Он умолк ненадолго. Отстучал строчку из старинной бродяжьей песни «Вот умру я, умру я…» и затем:

«Вышел какой-то новый указ, может, слыхал? Срока, говорят, будут теперь кошмарные… Не дай-то бог!»

Указ? Я пожал в сомнении плечами. Нет, о нем пока разговора не было. Скорей всего, это очередная «параша», обычная паническая новость, которыми изобилует здешняя жизнь… Я усомнился в тюремных слухах — и напрасно! Новость эта, как вскоре выяснилось, оказалась верной. Именно в июльский этот день — такой прозрачный и тихий — появился правительственный указ, страшный Указ от 04.06.1947, знаменующий собою начало нового, жесточайшего послевоенного террора. Губительные его последствия мне пришлось испытать на себе так же, как и многим тысячам российских заключенных… Но это потом, погодя. А пока, примостясь на дощатых нарах, я ждал утра — ждал судного часа.

По коридорам, топоча, прошла ночная дежурная смена. Отомкнув кормушку, небольшое оконце, прорубленное в двери и предназначенное для передачи пищи, надзиратель заглянул в камеру и затем сказал с хрипотцой:

— Отбой. Теперь чтоб молчок!

Постоял так, сопя и щурясь, обвел нас цепким взглядом и с треском задвинул тугой засов.

День отошел — один из многих тюремных дней, уготованных мне судьбою. Струящийся за решеткой закат потускнел, иссяк, сменился мглою. И тотчас под потолком вспыхнула лампочка, неяркая, пыльная, забранная ржавой проволочной сеткой. Свет ее лег на лица людей и окрасил их мертвенной желтизной.

Многолюдная, битком набитая камера готовилась ко сну: ворочалась, шуршала, пахла потом и дышала тоской. Здесь каждый находился под следствием и дожидался суда. И грядущее утро для многих в камере было роковым, поворотным…

Что оно принесет и каковым оно будет?

Внезапно в углу, неподалеку от окна, раздался негромкий дробный стук.

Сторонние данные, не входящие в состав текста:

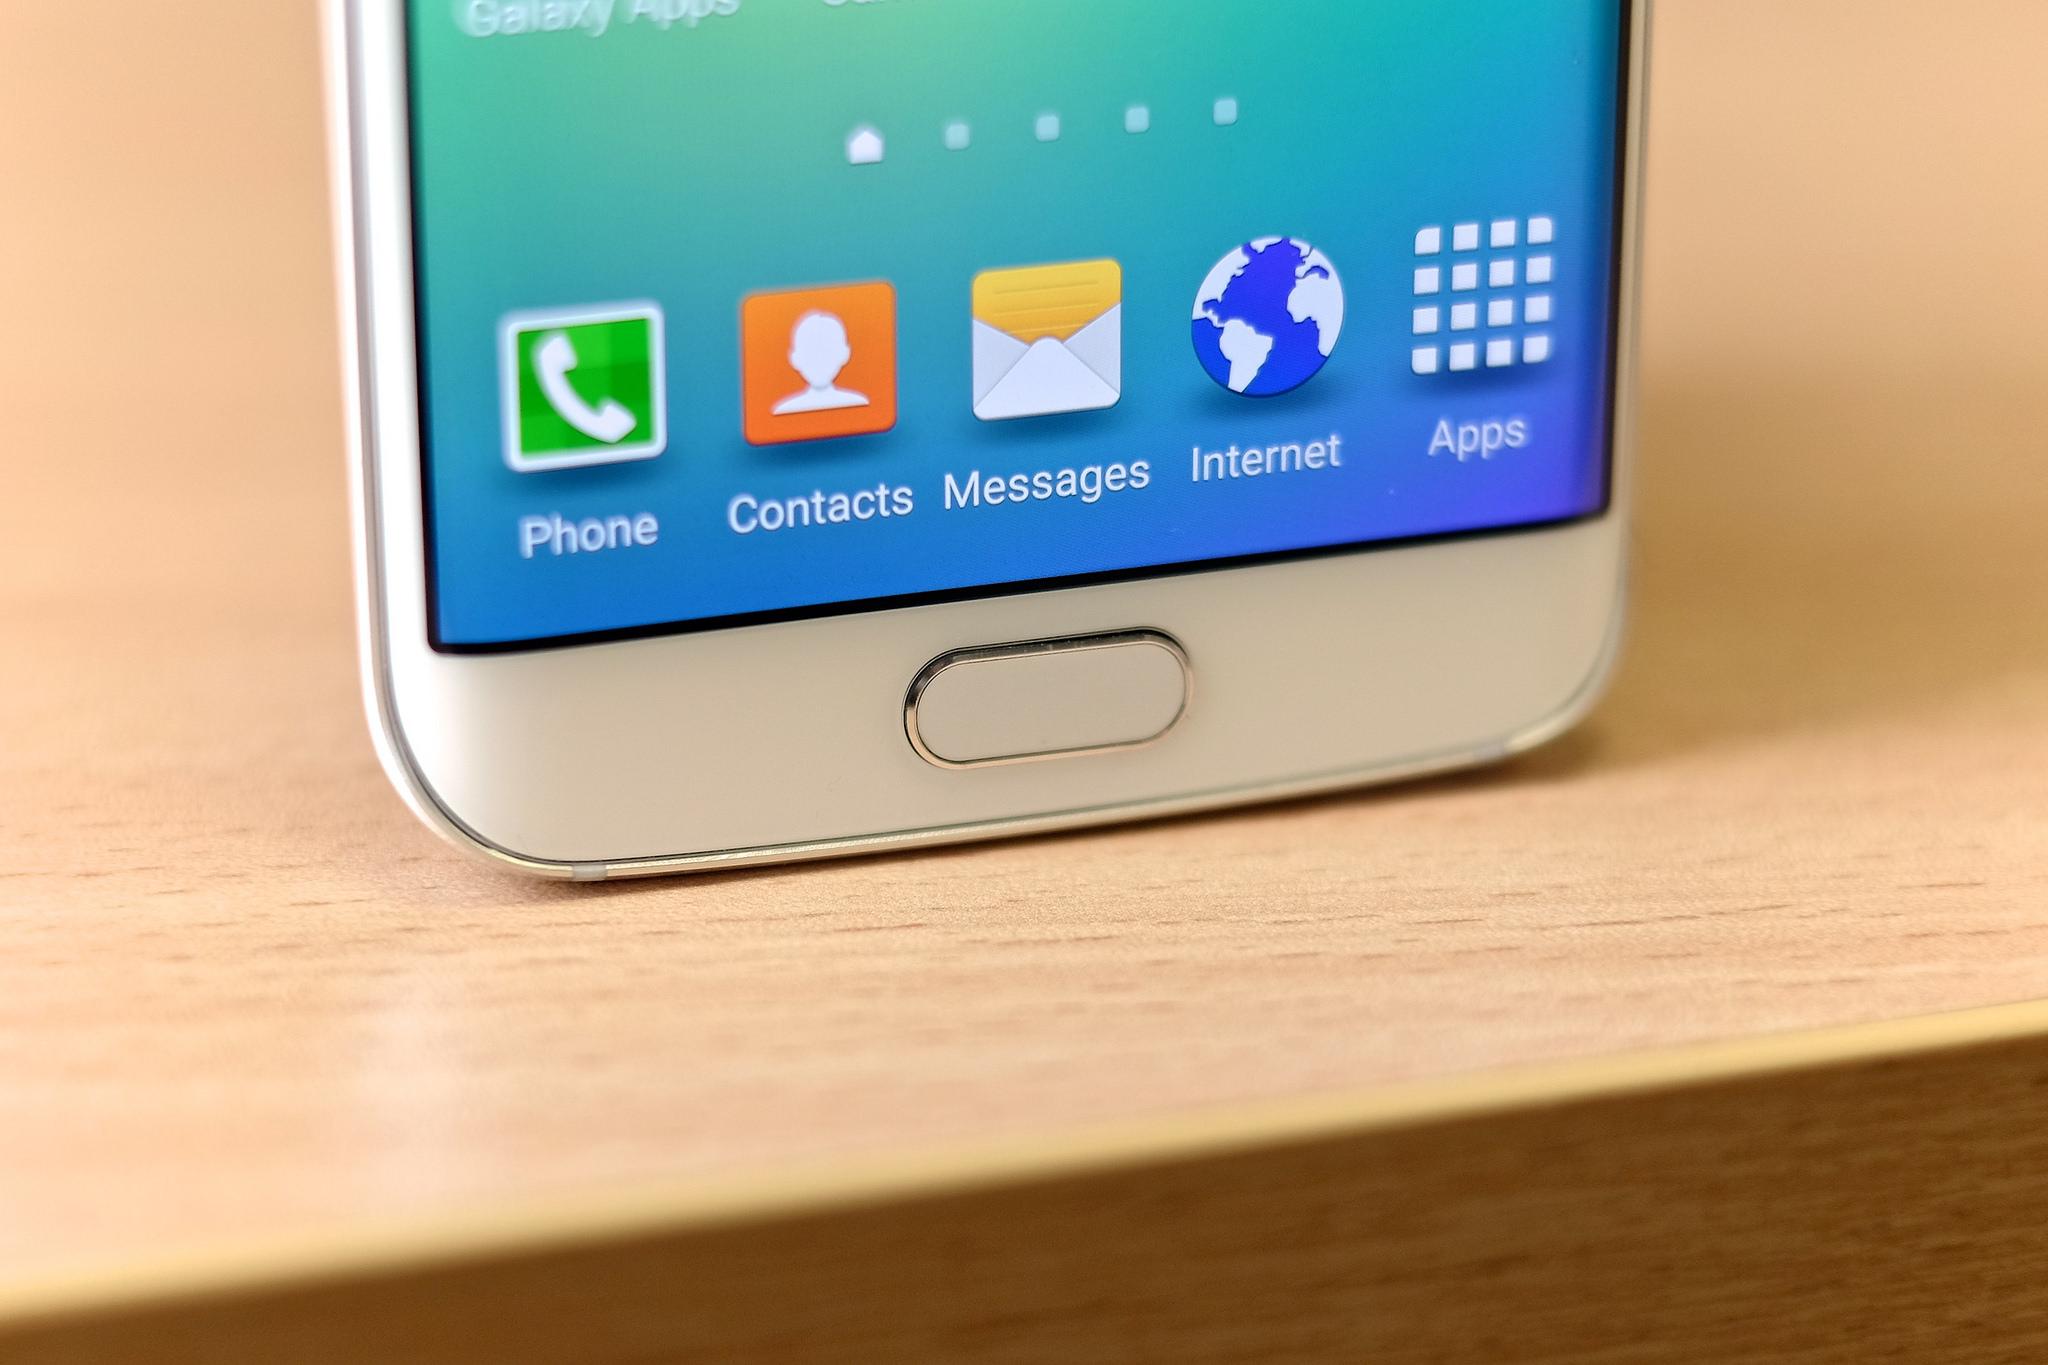 Samsung、広告ブロック機能を開発するもGoogleに速攻で削除される

Я невольно прислушался: три удара — «в»… потом — шесть, значит — «е»… Затем последовала частая серия, оборвавшаяся на «р»… Получалось — «верь», только без мягкого знака. Впрочем, в тюремной азбуке эти знаки, как правило, опускаются. «Кто бы это мог быть?» — заинтересовался я. Потянулся в угол и прильнул к стене, и сейчас же по лицу мне — по глазам и скулам — хлестнули холодные капли.

Так вот в чем дело! Это сочилась камерная сырость. По ночам, когда люди спали, тюрьма сама начинала звучать, говорить…

«Верь! — усмехнулся я, стирая влагу с ресниц. — Во что мне теперь верить?»

И опять мне припомнился Львов — пограничный украинский город — самый «западный» и самый вольный изо всех советских городов послевоенной поры.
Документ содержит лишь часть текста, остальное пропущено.